**Supplied material**
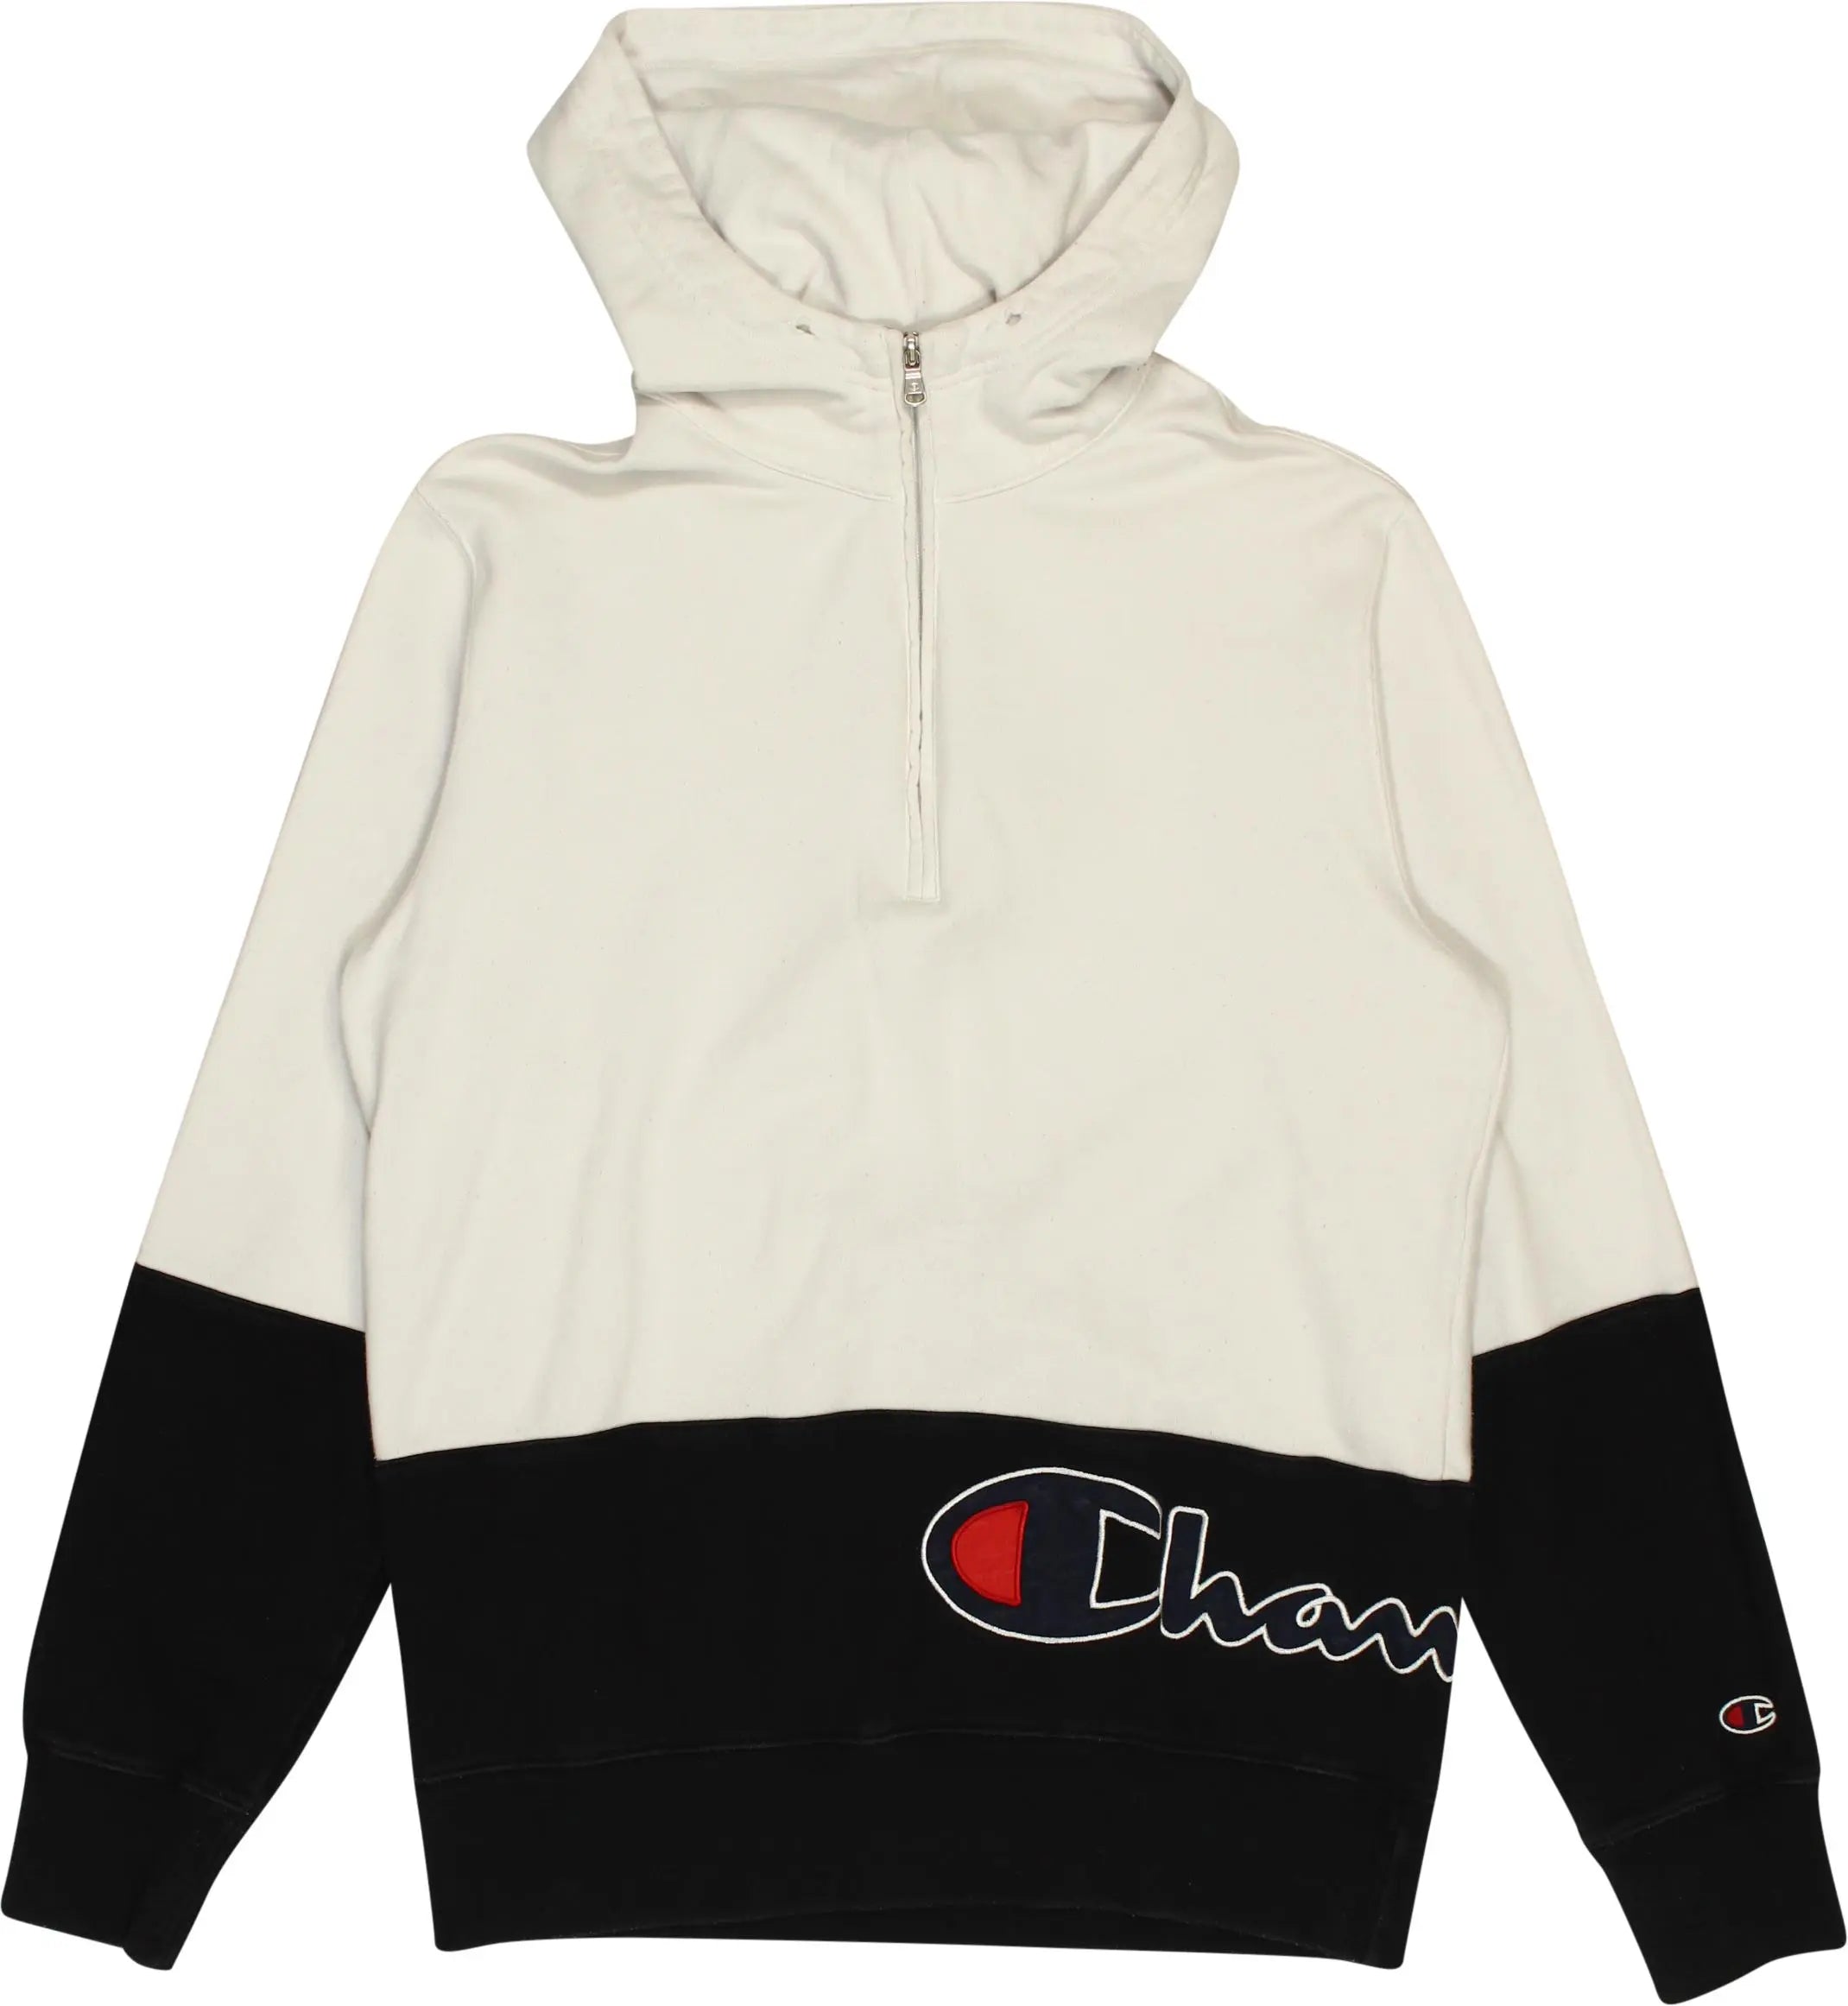 Champion - Hoodie by Champion- ThriftTale.com - Vintage and second handclothing
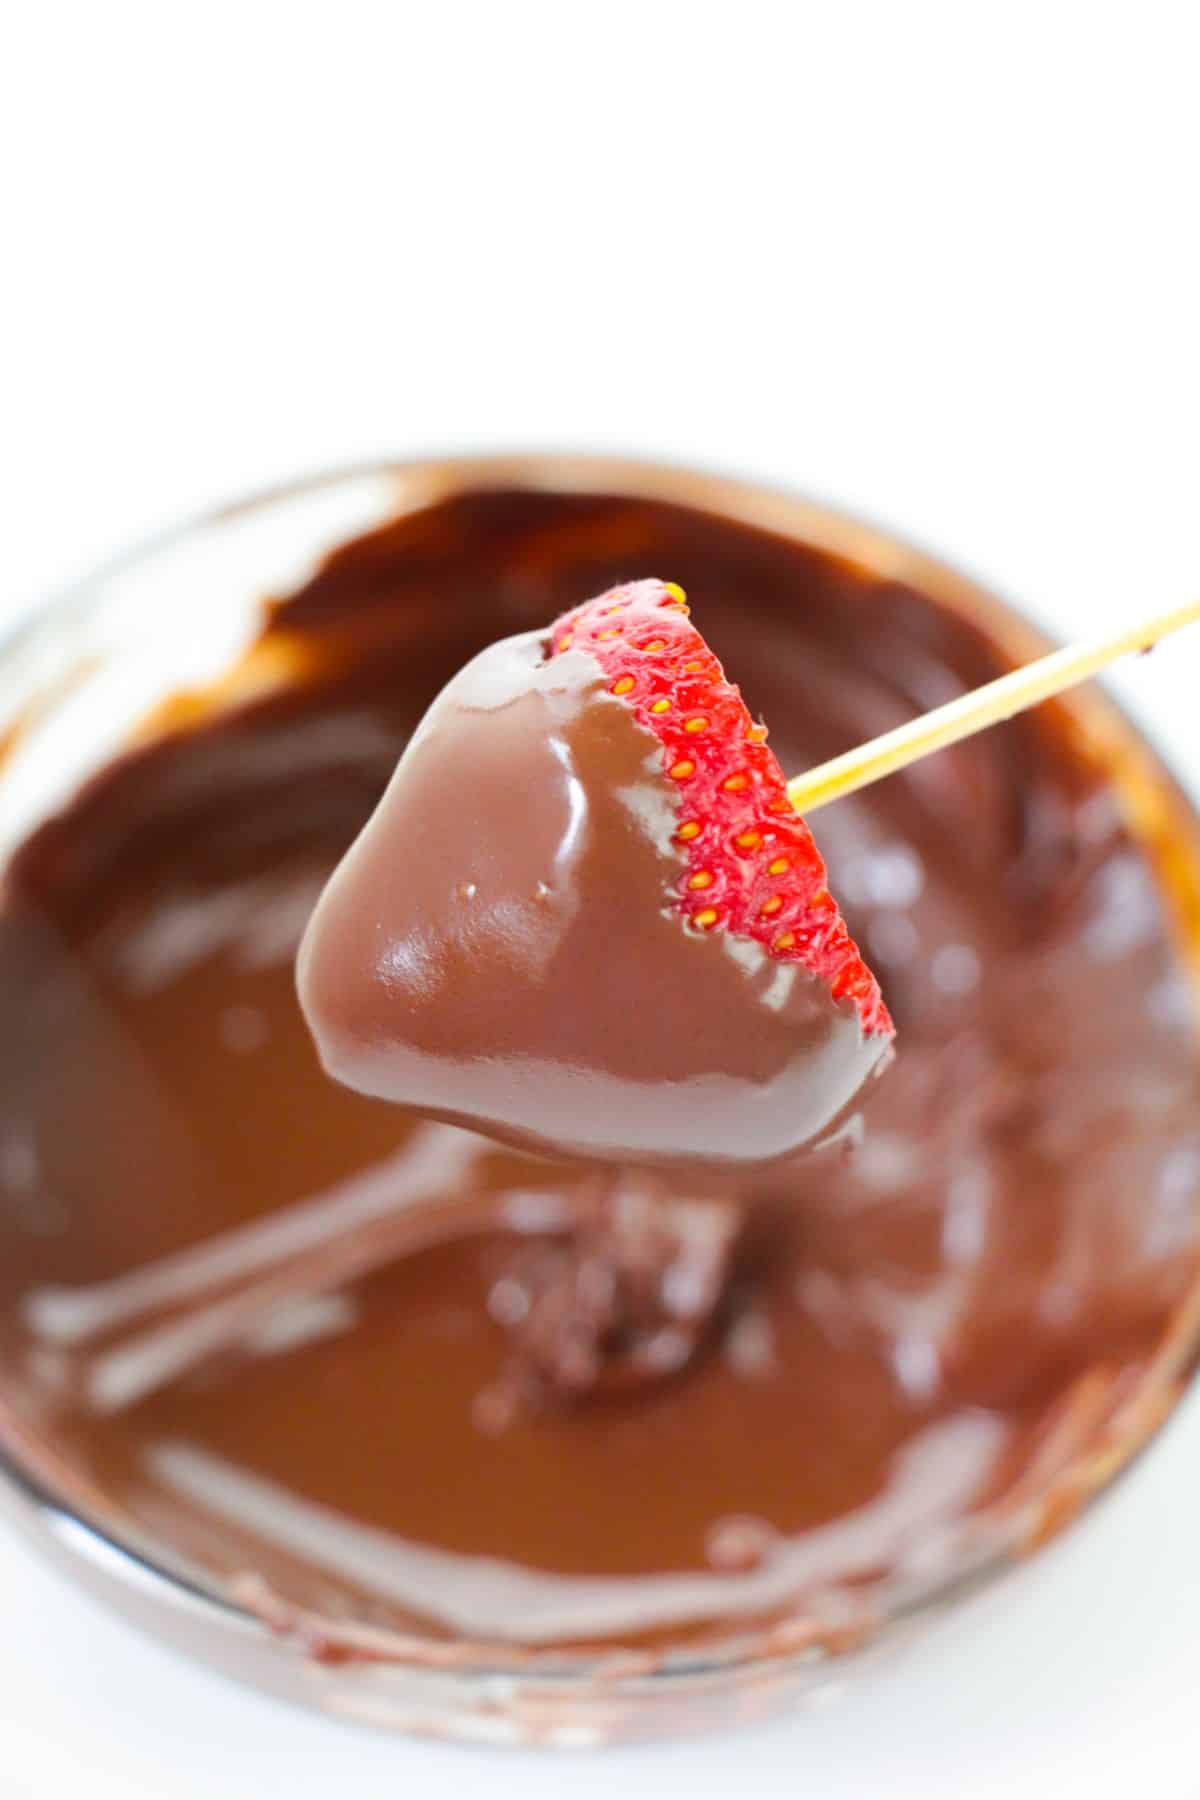 The strawberry is dipped in melted chocolate.
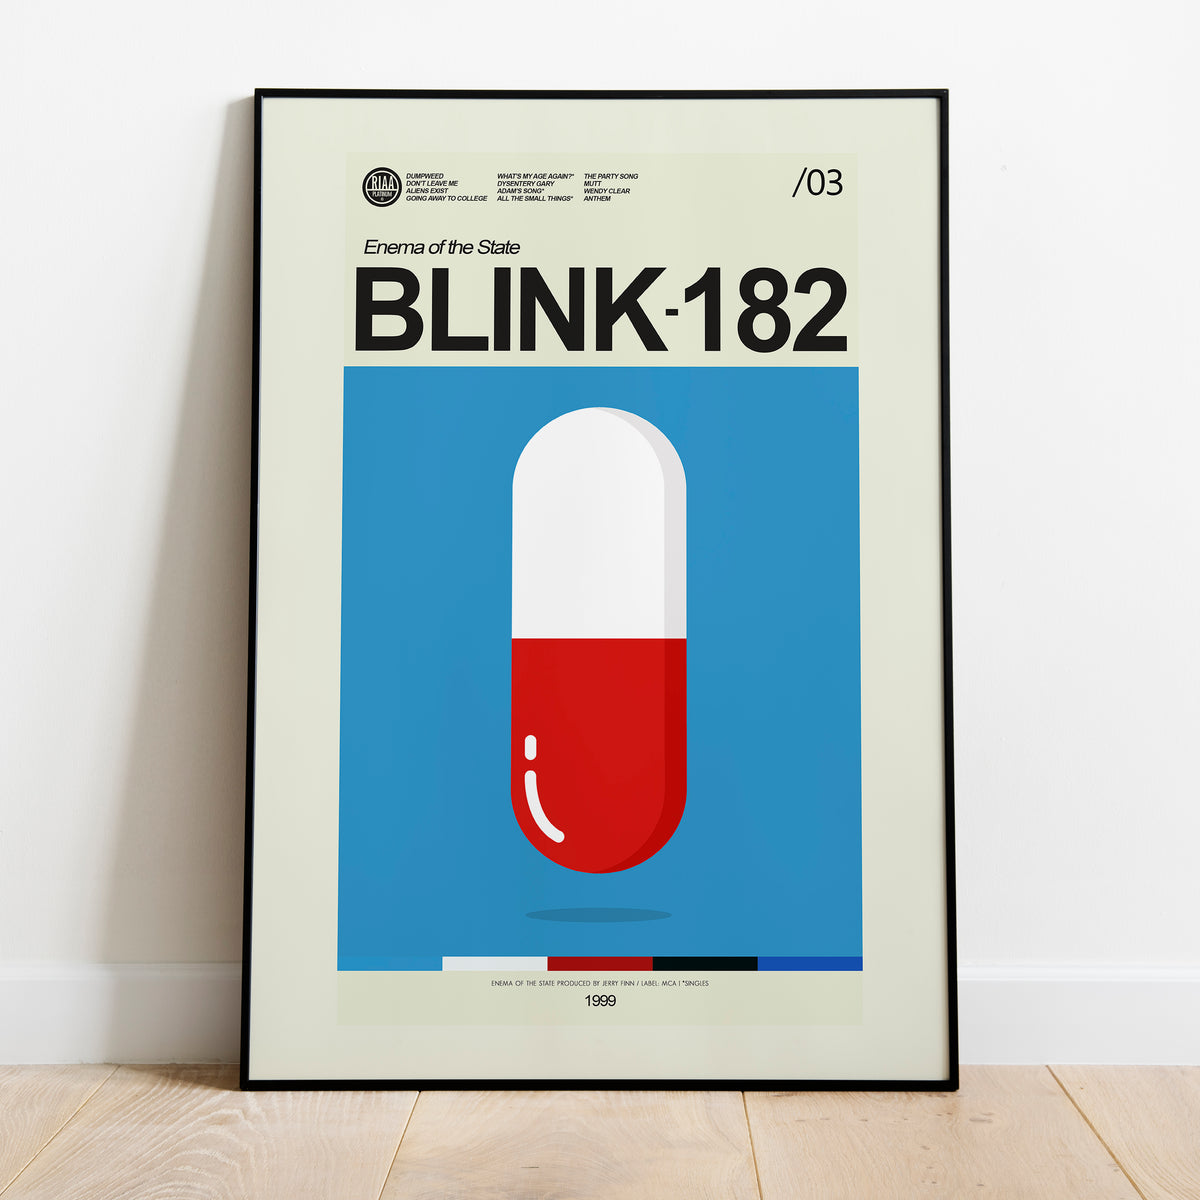 Blink-182 - Enema of the State (Album) Inspired | 12"x18" or 18"x24" Print only

**Brief**
Retype, exactly as written, each line from the one containing "The strawberry is" through the end of the data above, and leave out every picture.

**Answer below**
 The strawberry is dipped in melted chocolate.
 Blink-182 - Enema of the State (Album) Inspired | 12"x18" or 18"x24" Print only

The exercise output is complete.